How to Calculate Food Cost in a Restaurant

 

Know your food costs before adding a new dish to your menu.
Know your food costs before adding a new dish to your menu.
 

It doesn’t matter that you have the best menu in town, a high-traffic location, beautiful decor and rave reviews if your restaurant charges $12 for a meal that costs you $13 to serve. Your cost to serve a meal includes both overhead costs and the actual food on the plate. Miscalculating either is a recipe for disaster.
 
Step 1:  List the ingredients of the dish you are appraising. Include even small amounts of food, including a squirt of ketchup or spoonful of mayonnaise. Don't forget to account for cooking oil, seasonings and garnishes as well. Every dish should be portion controlled to ensure each chef serves the same meal at the same cost.
 
Step 2:  Calculate the cost of each ingredient in each dish. For example, if a tomato costs 25 cents and each one yields eight slices, the tomato cost for a dish that includes two slices would be about 6 cents. Include a proportion of any delivery fees, interest, returns charges or other expenses directly related to purchasing foods.
 
Step 3:  Add the total cost of the ingredients to calculate your food costs for that dish. Do not include the labor costs to prepare or serve the dish.
 
Step 4:  Divide the menu price by the food cost to determine the percentage of the price that comes from food to begin determining if you have priced the meal correctly. For example, if you sell a meal for $18 and your food costs for that meal are $6, your food cost is 33 percent.
 
Step 5:  Calculate your overhead cost per meal served. This includes all of the nonfood costs to run your restaurant, such as labor, rent, marketing, taxes and other expenses. Determine a daily overhead cost to run the restaurant and divide that by the number of customers you estimate you will serve each day. For example, if your overhead is $2,000 per day and you serve 250 customers daily, your overhead cost per person is $8. Include allowances for employee meals and food theft in the overhead figure, since these are not direct costs to serve a customer meal.
 
Step 6:  Determine the target food-cost percentage you want for your menu items. Use your overhead costs to guide you. For example, if you sell a meal for $12 and have an $8 overhead cost, your food costs must be no more than $4 to break even.
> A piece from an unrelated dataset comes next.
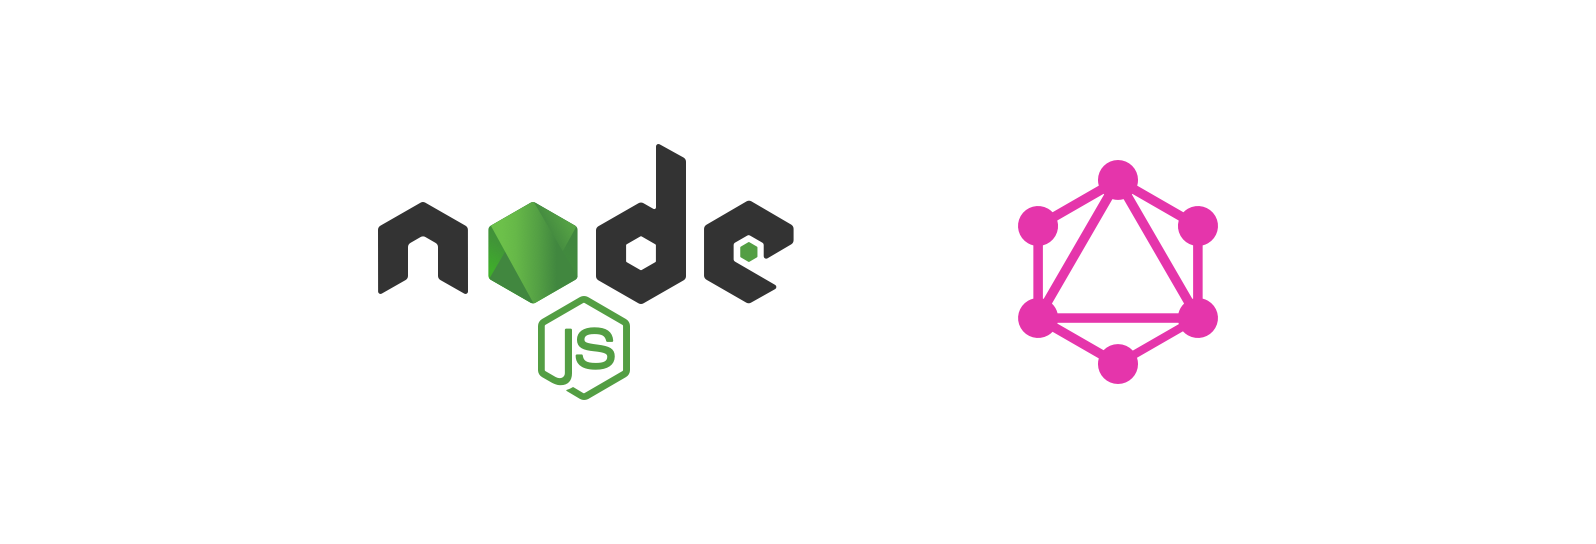 A Simple CRUD App Using GraphQL, NodeJS, and MongoDB

If you want a profit of $2 per plate, your sales price would then need to be $14, giving you a food-cost percentage of about 29 percent. If you feel your market will not support meals that cost more than $14, your chef will need to prepare menu items for no more than $4 each. If you sell meals for less than $14, your chef will need to use less than $4 of ingredients per meal, using your 29 percent guide.
 
Step 7:  Examine your current menu prices to determine whether they cover your overhead and foods costs, and return a profit. Use your target food-cost percentage to do this. For example, if you determine that your food costs can be no more than 20 percent and a particular meal uses $4 of ingredients, you must sell that meal for at least $20.
 
Step 8:  Determine whether you need to calculate different food cost percentages for different services or items. For example, a low-cost breakfast menu might require food costs to be less than 20 percent of the ticket since profit margins are small. A more expensive dinner menu might support foods costs as high as 35 percent per plate.
 
Step 9:  Analyze your sales by item to see if your food-cost percentages can support your business. If you determine that you are selling mainly low-cost items, you may need to raise those prices -- or lower your food costs -- to be profitable. Look at total food costs per service and divide by total sales to get a more complete picture of your food costs without having to calculate the actual cost of each menu item.